Your goal:
Here the job is to retype the data word for word while leaving the pictures aside.

Information provided:

——

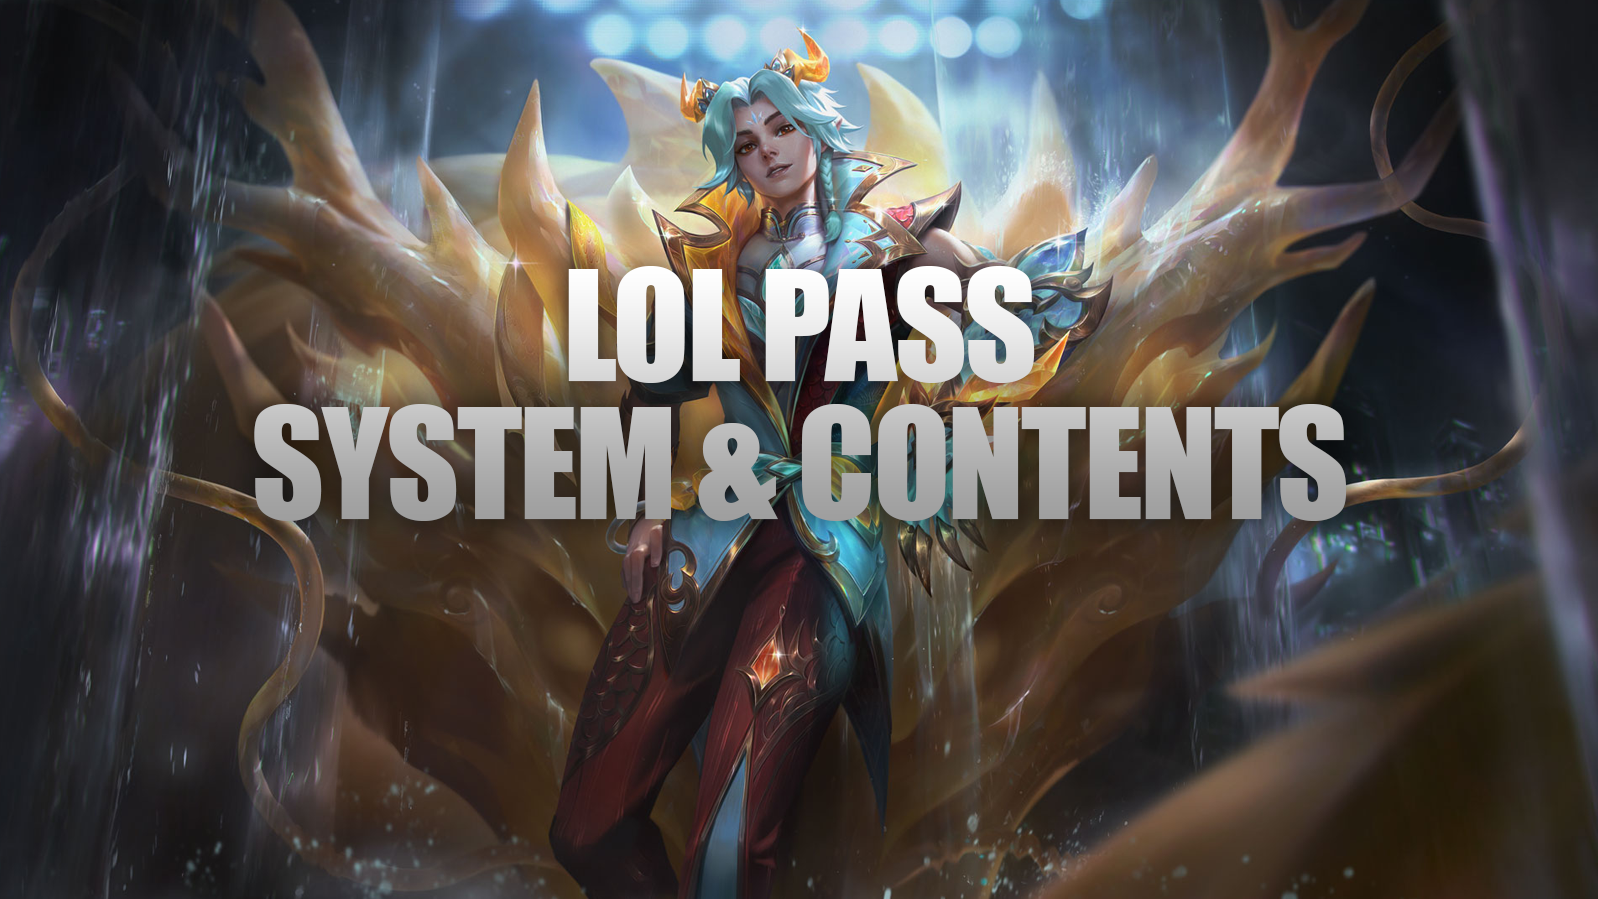 The LoL Lunar Revel Pass is a 55-tier pass system. Players progress through the initial 55 pass levels by completing event missions that award pass points. Each level requires a certain threshold of points to unlock the reward for that tier. After reaching level 55, you can continue earning pass points to receive repeatable rewards every 20 tokens per level.
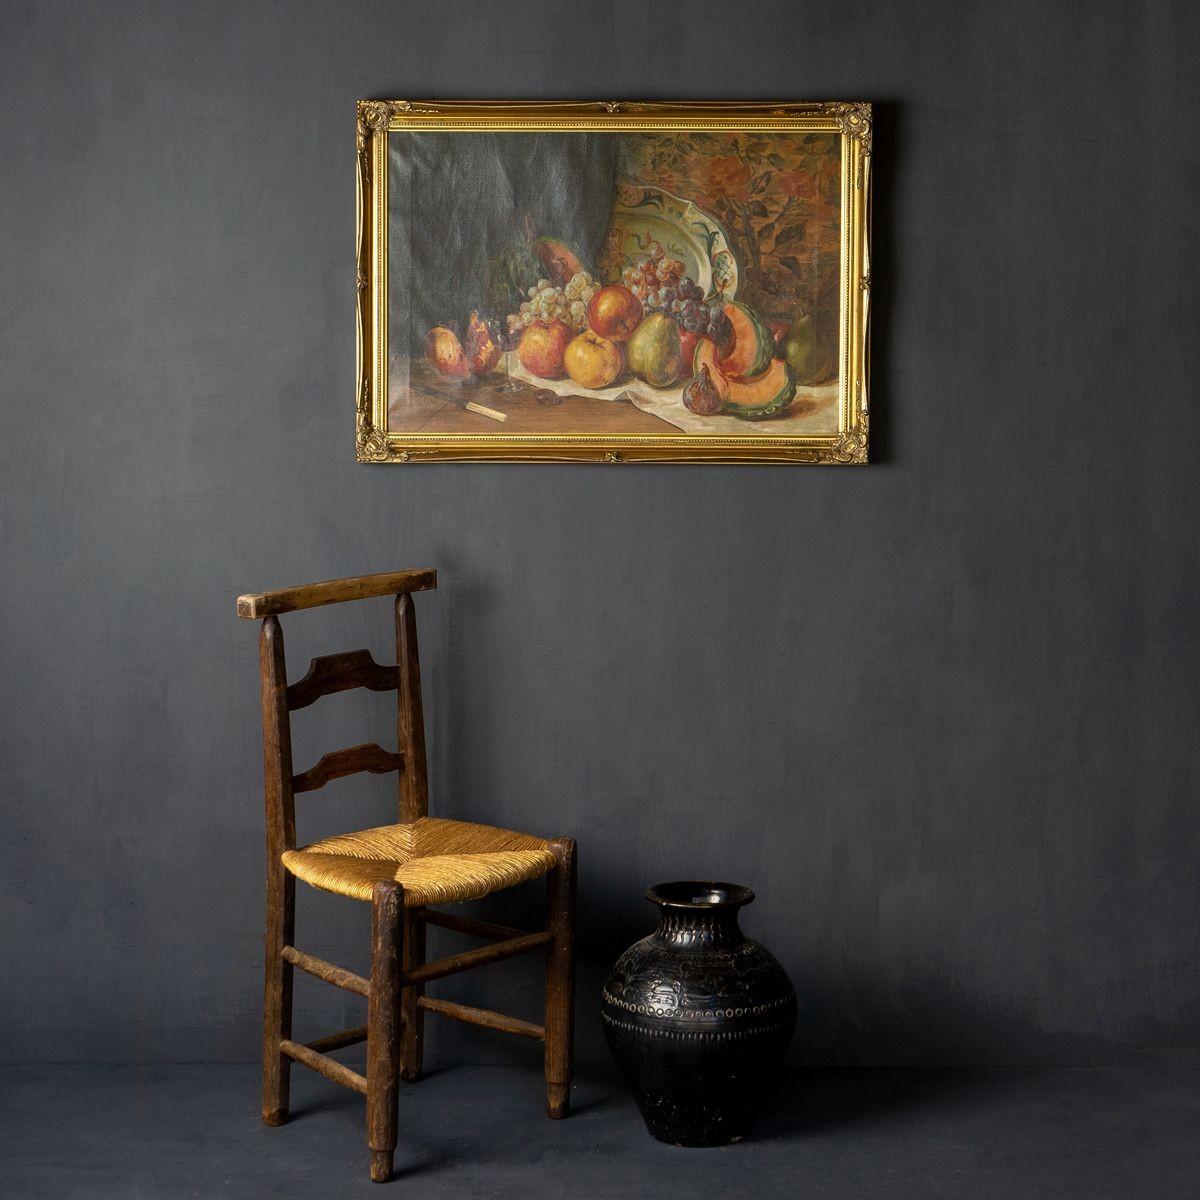 Hand-Painted Large Antique Still Life Depicting Fruit and Dinnerware, 19th Century Original
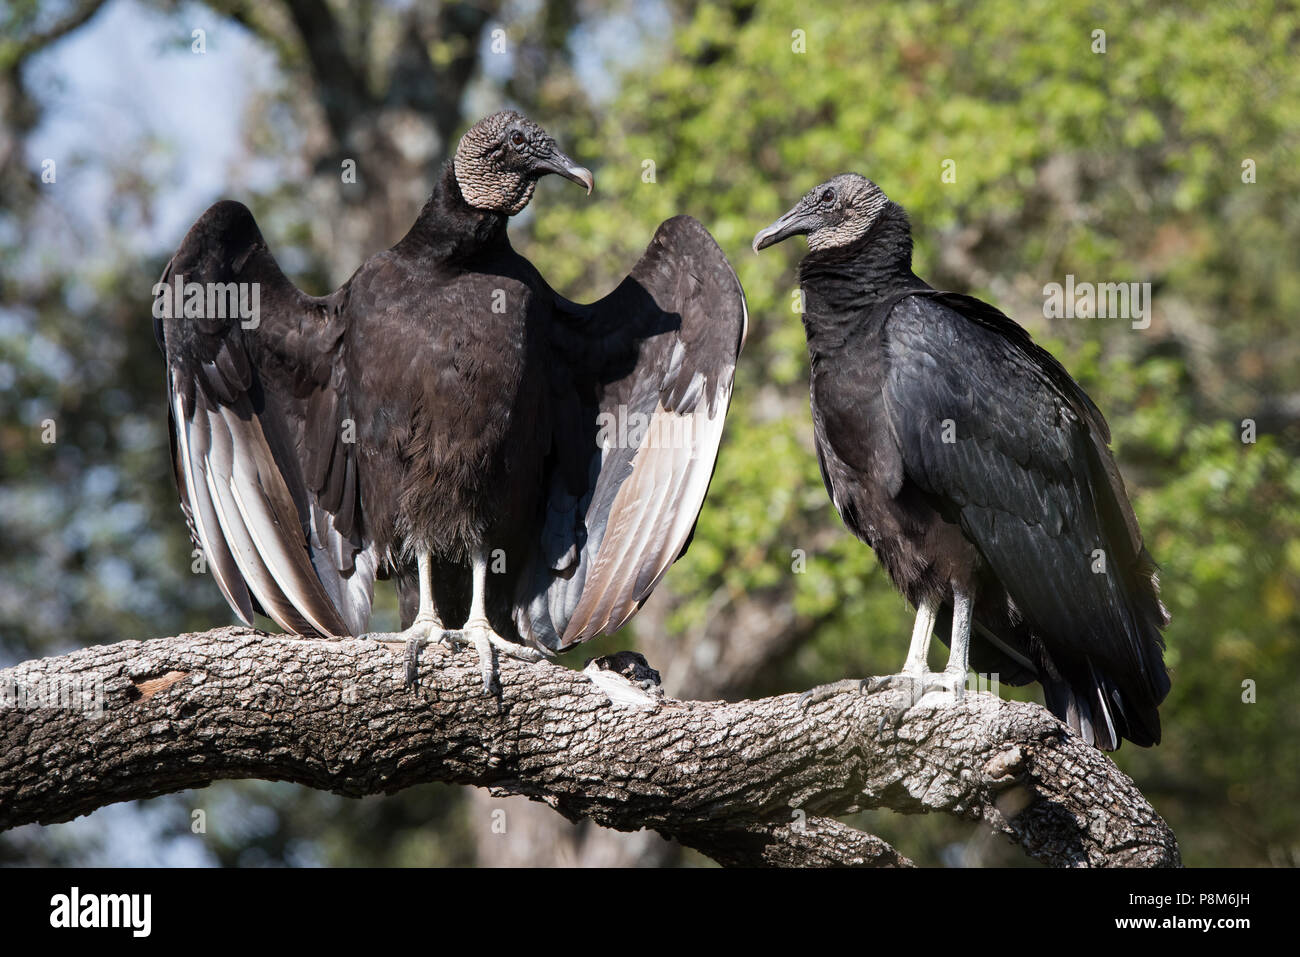 A pair of black vultures sunning themselves at McAllister Park in San Antonio, Texas. Stock Photo
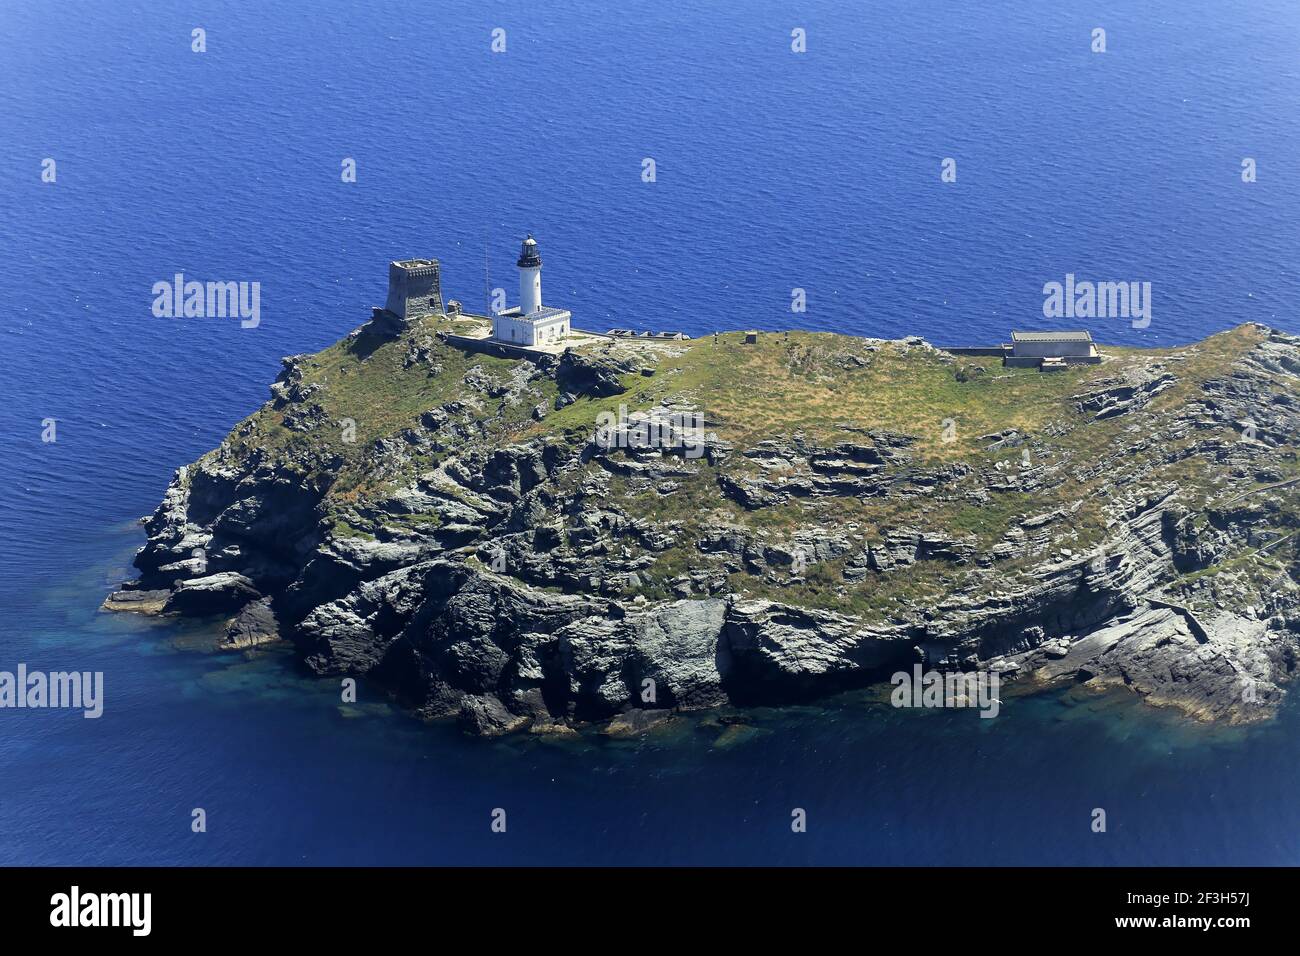 Department of Corse-du-Sud, Southern Corsica: aerial view of Giraglia Island with its lighthouse and a Genoese tower dating back to the 16th century, Stock Photo

——

Result of this task:
 The LoL Lunar Revel Pass is a 55-tier pass system. Players progress through the initial 55 pass levels by completing event missions that award pass points. Each level requires a certain threshold of points to unlock the reward for that tier. After reaching level 55, you can continue earning pass points to receive repeatable rewards every 20 tokens per level.
 Hand-Painted Large Antique Still Life Depicting Fruit and Dinnerware, 19th Century Original
 A pair of black vultures sunning themselves at McAllister Park in San Antonio, Texas. Stock Photo
 Department of Corse-du-Sud, Southern Corsica: aerial view of Giraglia Island with its lighthouse and a Genoese tower dating back to the 16th century, Stock Photo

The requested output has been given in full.